Познакомился я с Мариной Ивановной. Мне было тогда 25 лет, она на 12 с кусочком старше меня. Молодые двадцатипятилетние люди даму под 40, как бы сказать, не воспринимают… Как поэта я ее воспринимал, как женщину, конечно, нет. Я ожидал увидеть даму. Дамы в ней не было. Это было особенно, ни на что не похожее существо. Воспоминания — это ведь особая точка зрения, кто что видит. Вот Аля пишет, что мать была высокого роста. Конечно, все меняется. Я сейчас карлик, а был всю жизнь среднего роста. Марина Ивановна была ниже меня, никак нельзя считать, что она была высокой.
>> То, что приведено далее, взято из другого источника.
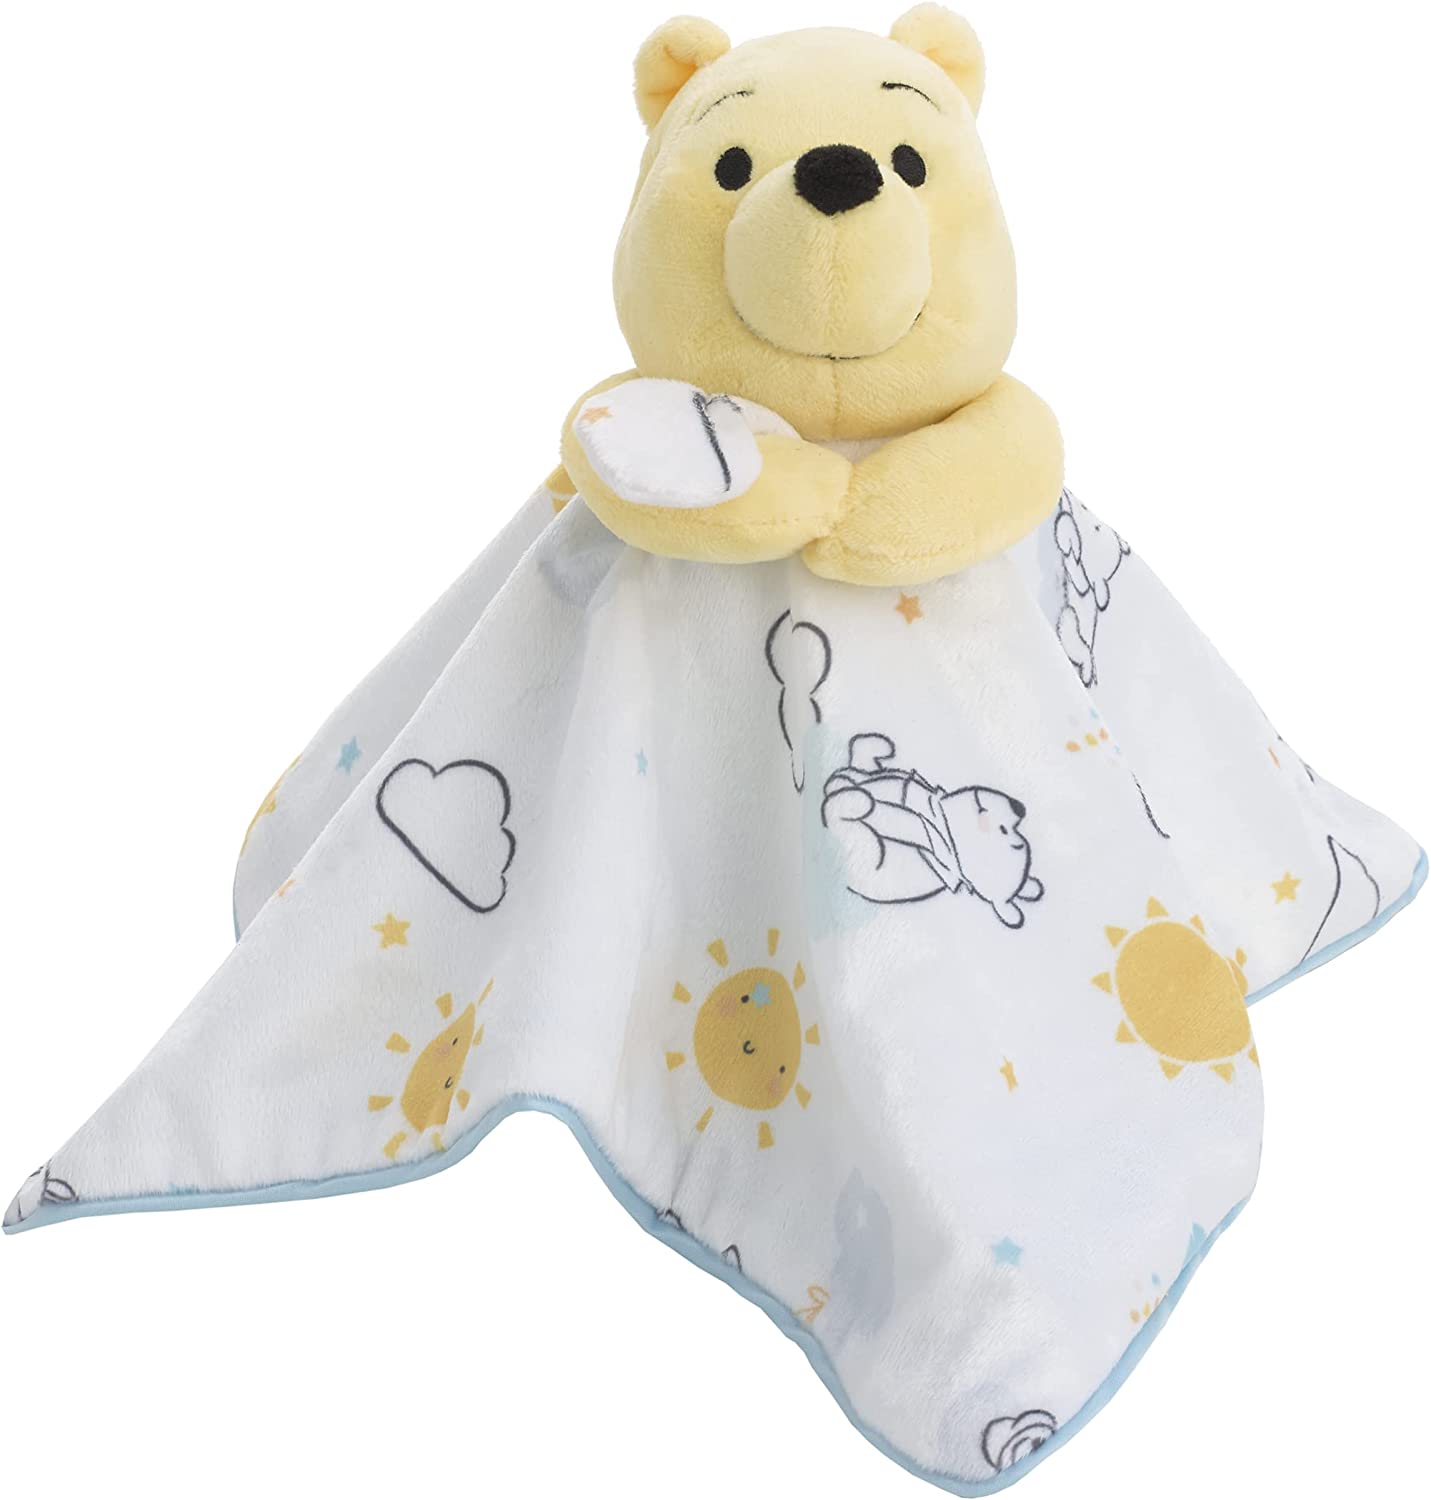 Disney Winnie The Pooh White, Yellow, and Aqua Cloud and Sun Lovey Security Blanket - image 1 of 5
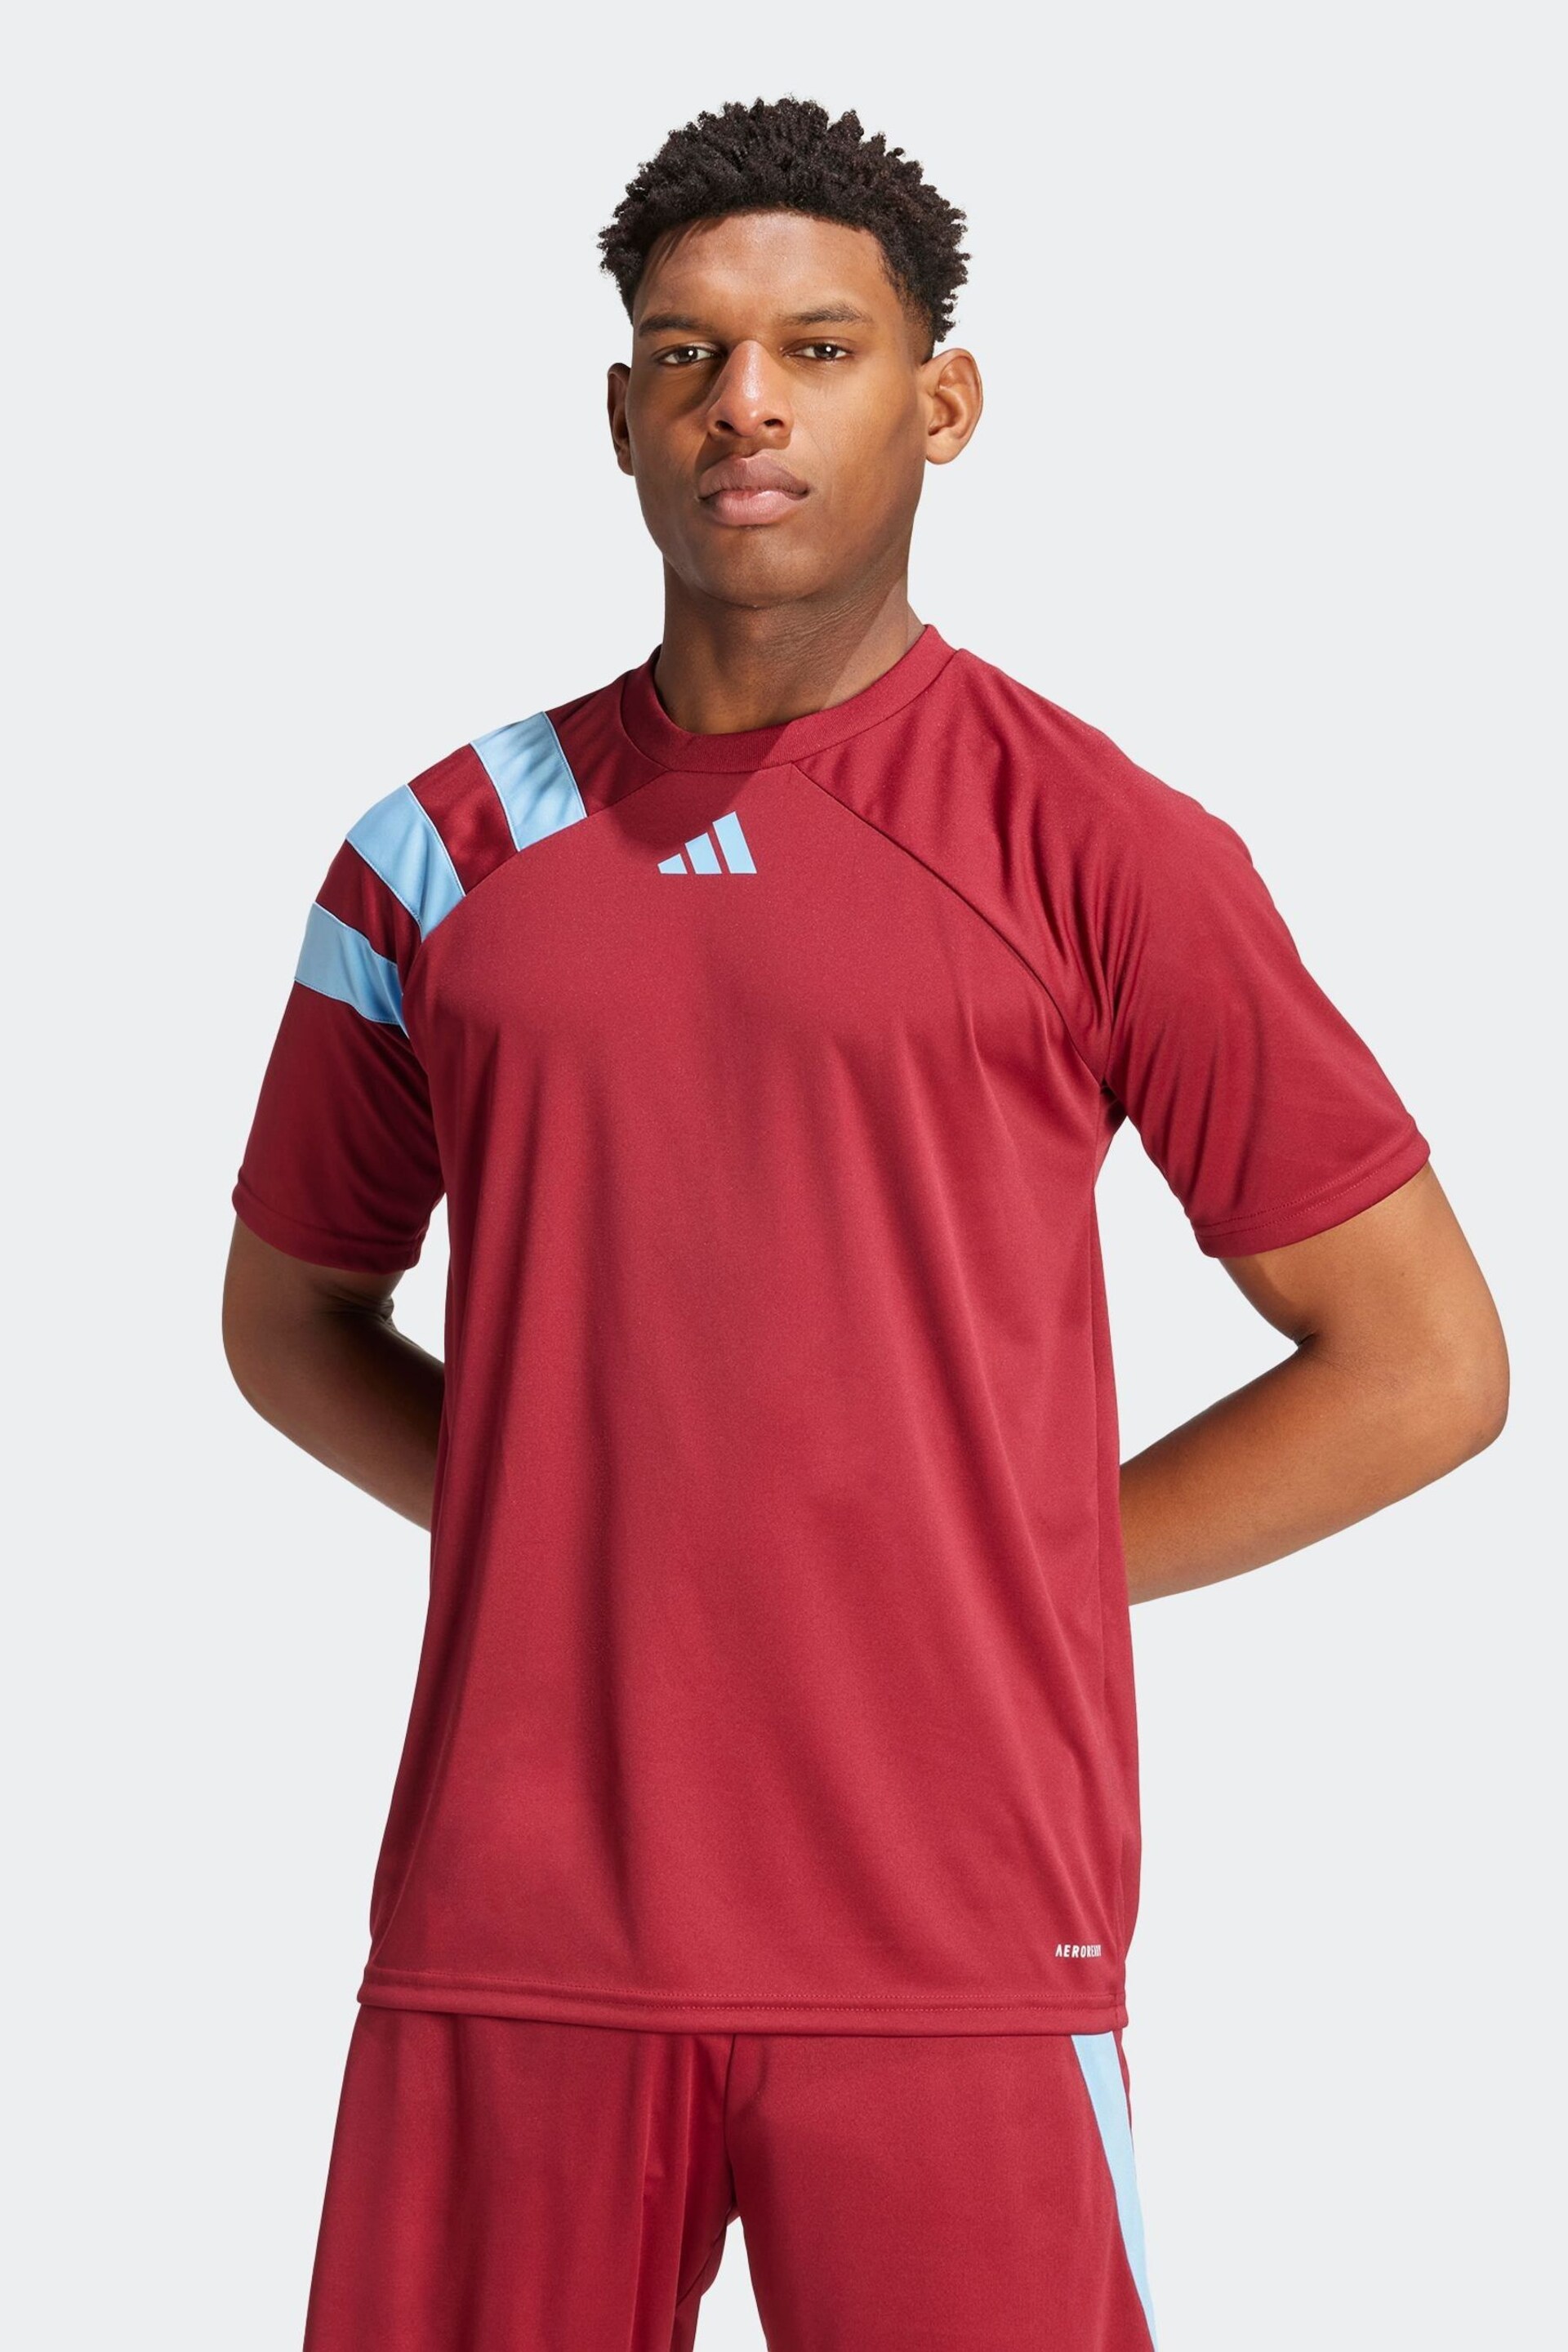 adidas Red/Blue Fortore 23 Jersey - Image 1 of 8

Она была очень прямая, такой прямой, абсолютно лишенной всякой внешней женственности. Полное отсутствие внимания к себе. Оказывается, оно было, но какое-то такое сублимированное. Вот, например, она с большим вниманием относилась к тому, какие у нее серебряные браслеты или кольца. Кольца эти она дарила, заводила новые. И еще она внимательно относилась к своей прическе, у нее были довольно хорошие, очень коротко подстриженные волосы. Когда я целовал ей руку, я заметил в порах следы угля. Она не ухаживала за руками, наоборот, клала уголь в печку руками. Хотя совок все-таки был. Она не только не боролась с бытом, она покорялась ему, позволяла быту над собой измываться. В «Поэмы Лестницы» это видно во многих местах. Она настолько презирала жизнь, которой ей приходилось жить, и она настолько была вне внешних условий жизни, что даже не старались особенно отмыть руки от угольной пыли. Я сам видел, как она клала уголь руками, «чтоб мне было хуже». Там такие «буле» продавались — прессованная угольная пыль, — так вот она эти буле совала в печь руками, пальцами. Я смотрел на нее…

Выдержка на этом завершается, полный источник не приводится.